I learned these same people, one family in particular, lead the hate. "It was over politics," she would whisper as the sheer filth of that word fell from her lips. Politics. The ultimate bad guy in all her stories. It went hand in hand with hate because you couldn't have politics without hate. "They hated us for not believing what they believed, but our family was unshakable. We believed what we believed and that was it." I felt the passion of that injustice in my stomach and swore always to believe what I believed and I felt angry at these mean people who would deny me and my family that right.

Next came the real killer: religion. I come from a long line of Atheists mixed with a few religious fanatics.
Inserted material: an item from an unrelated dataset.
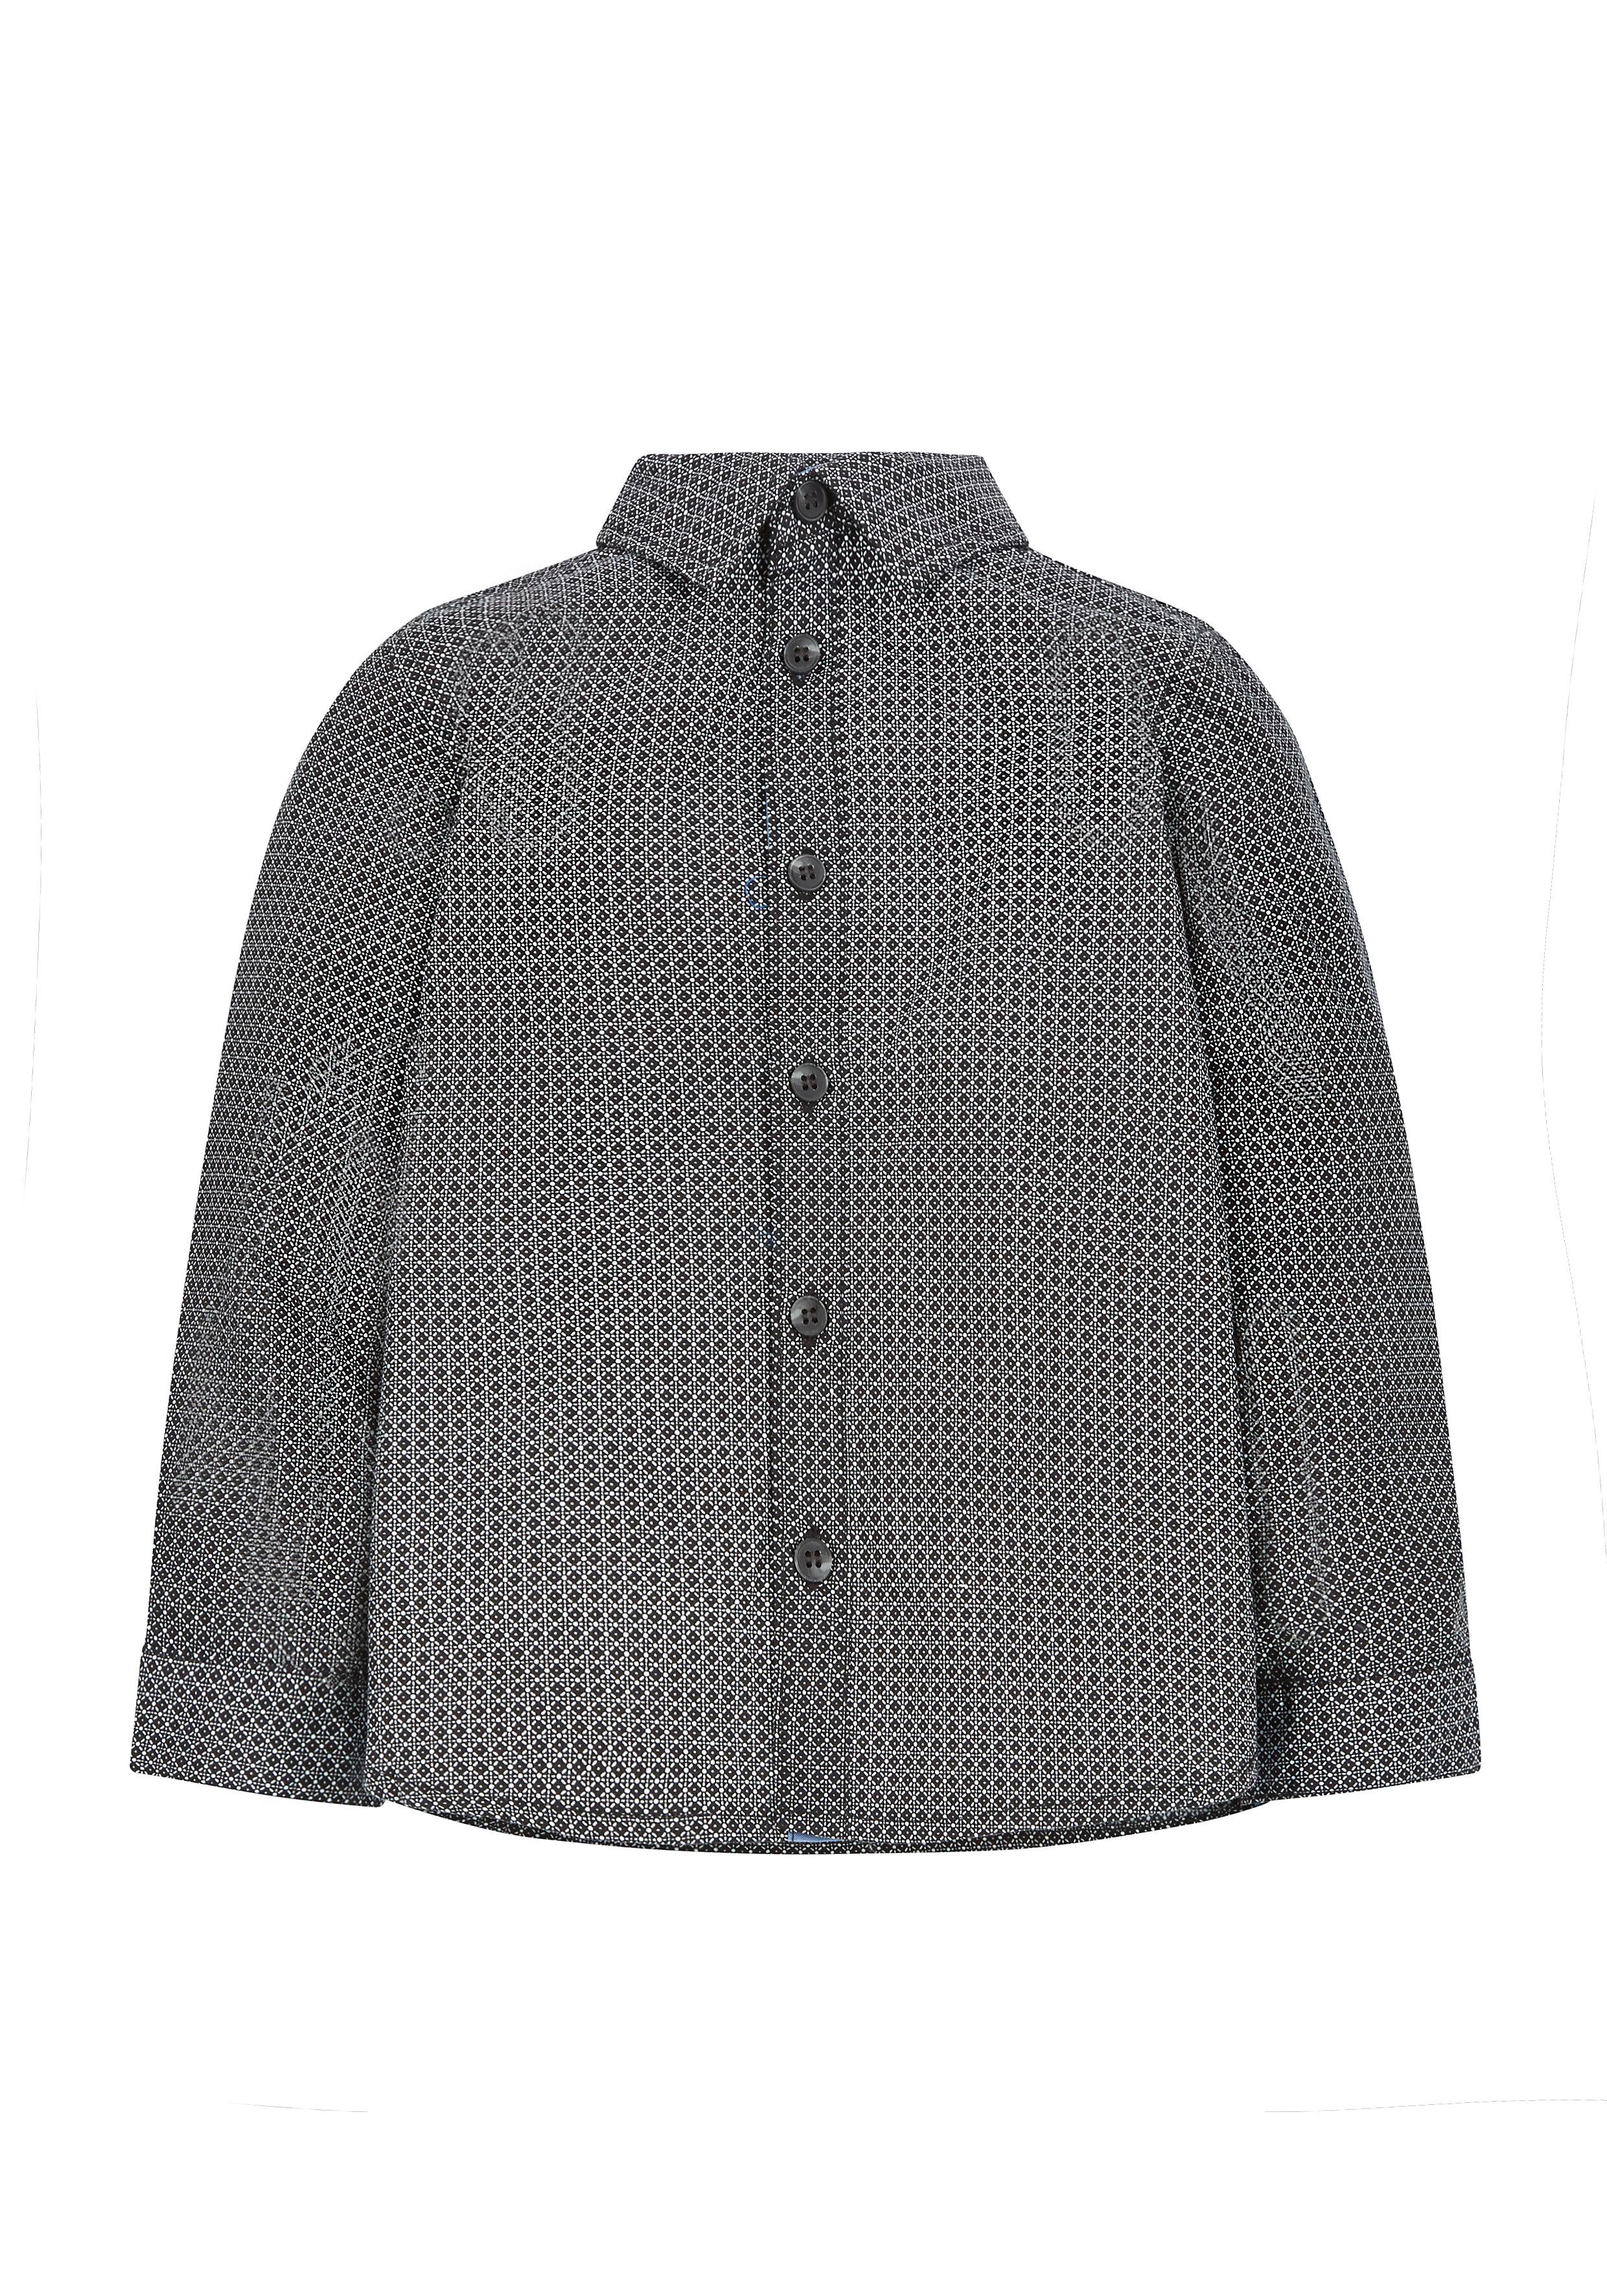 Mothercare | Boys Geo Shirt - Black

My family has straddled the religion fence decade after decade with a sort of blind faith that they will end up on the side that isn't lined up against the wall and shot, so it didn't surprise me that some hated them for their faith or lack of it. Why should the inner workings of my family be any different than the outer workings?
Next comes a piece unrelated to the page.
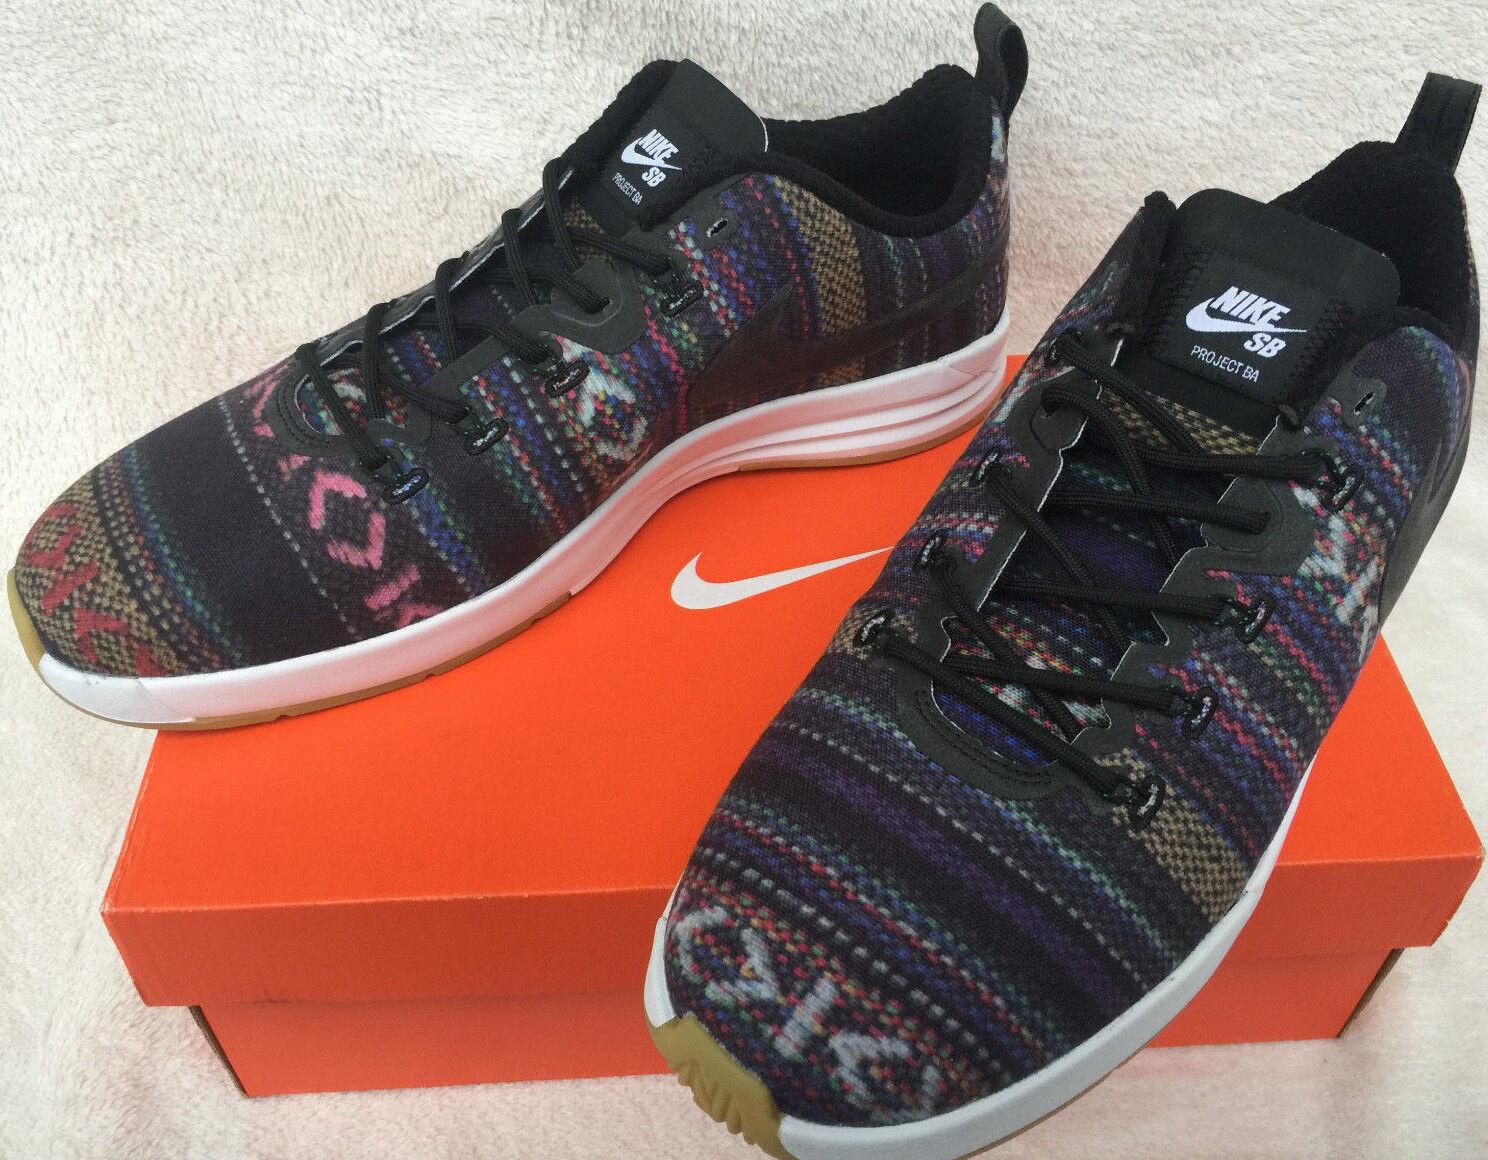 Nike sb - projekt r / r männer. 654892-902 hackey sack packen skateboard - schuhe für männer. r c5cb36

"The bastard hated us because we didn't believe in his Jesus." I felt her anger, her despair and I became ferociously Atheistic. I hated the family who judged us, the father and his son who stopped my family on the street and spit at my family and called them heathens. I could see him whenever she told this story: his hair black as his soul, his cold eyes, his crude language that no gentleman would be caught speaking. By the time I was in my teens I hated him with a passion so deep that I was certain if he was in the room with me, I could easily hurt him and feel no remorse. That is the power of hate, that is what it can convince you to to do: hurt a stranger because he did something to someone else you also never met.
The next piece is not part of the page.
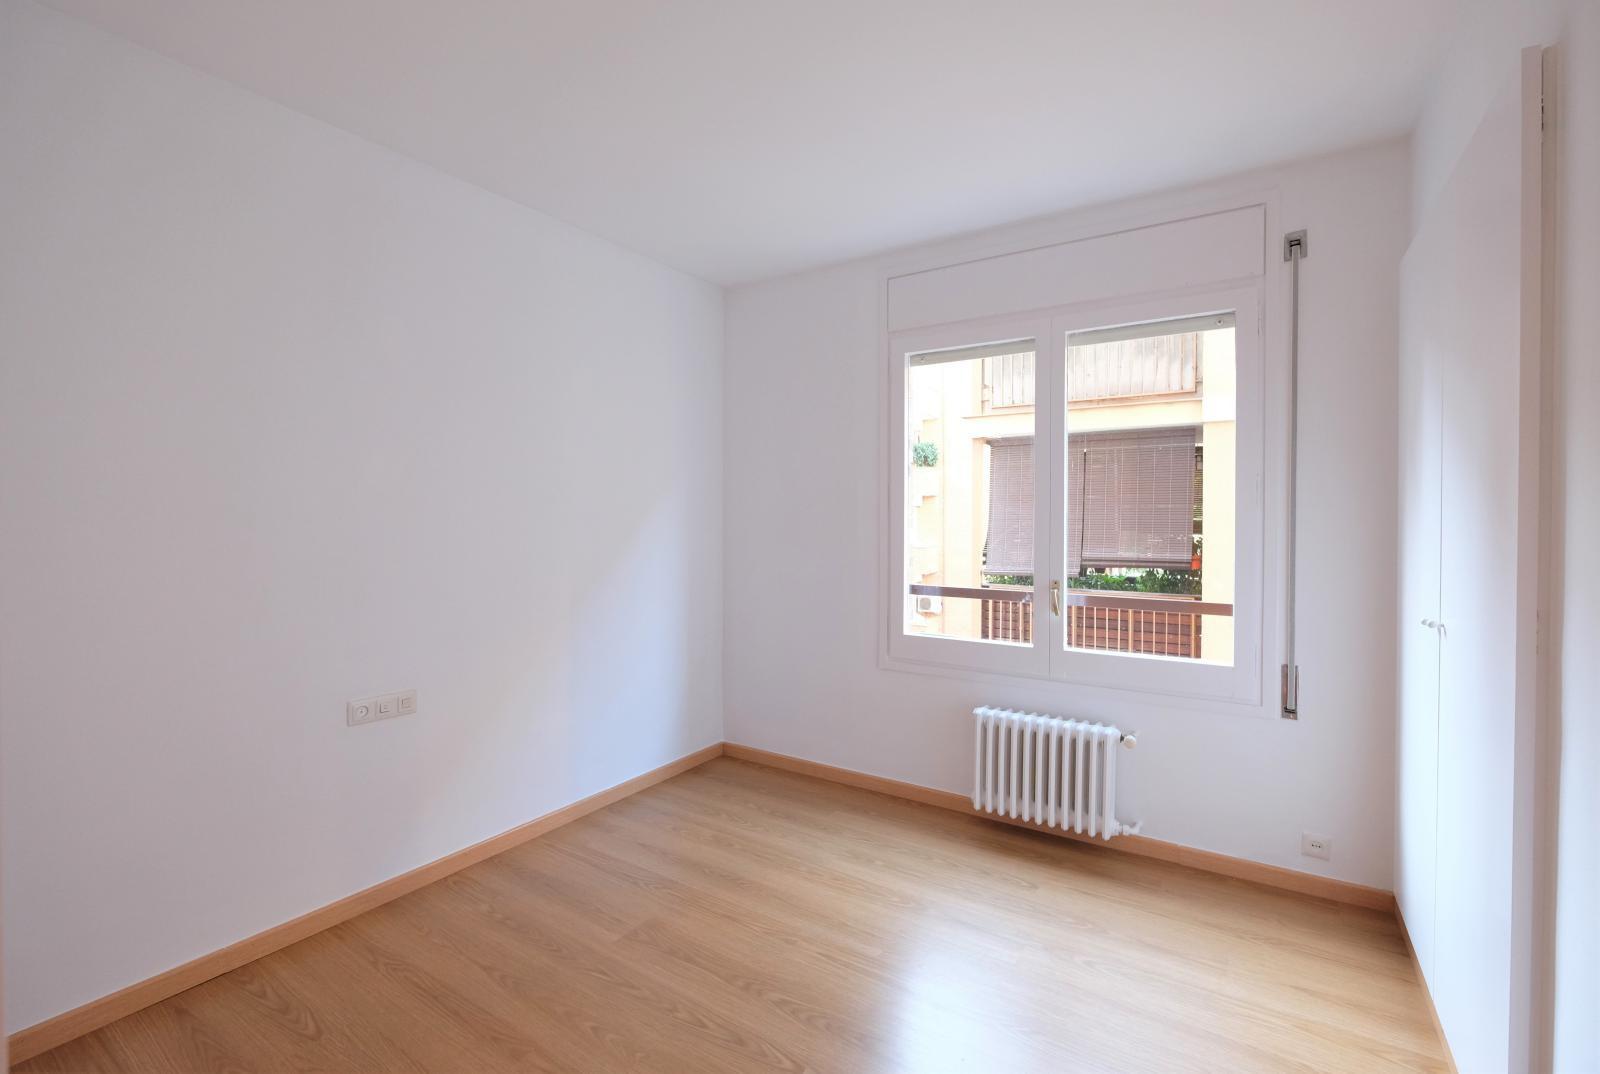 MG Inmobiliaria Barcelona - via-augusta-junto-vergos-angli

But the worst part of this story was the horrible ending. "They came in the night," she told me with tears in her eyes. "First they poisoned the horses..." We always stopped to cry together at this part of the story. I loved horses as a young girl and this was a crime too horrible to ever forgive. I could see their eyes close in death as they suffered from the poison. I hated this horrible horrible man and his family and all his relatives and all the children he would bring into the world.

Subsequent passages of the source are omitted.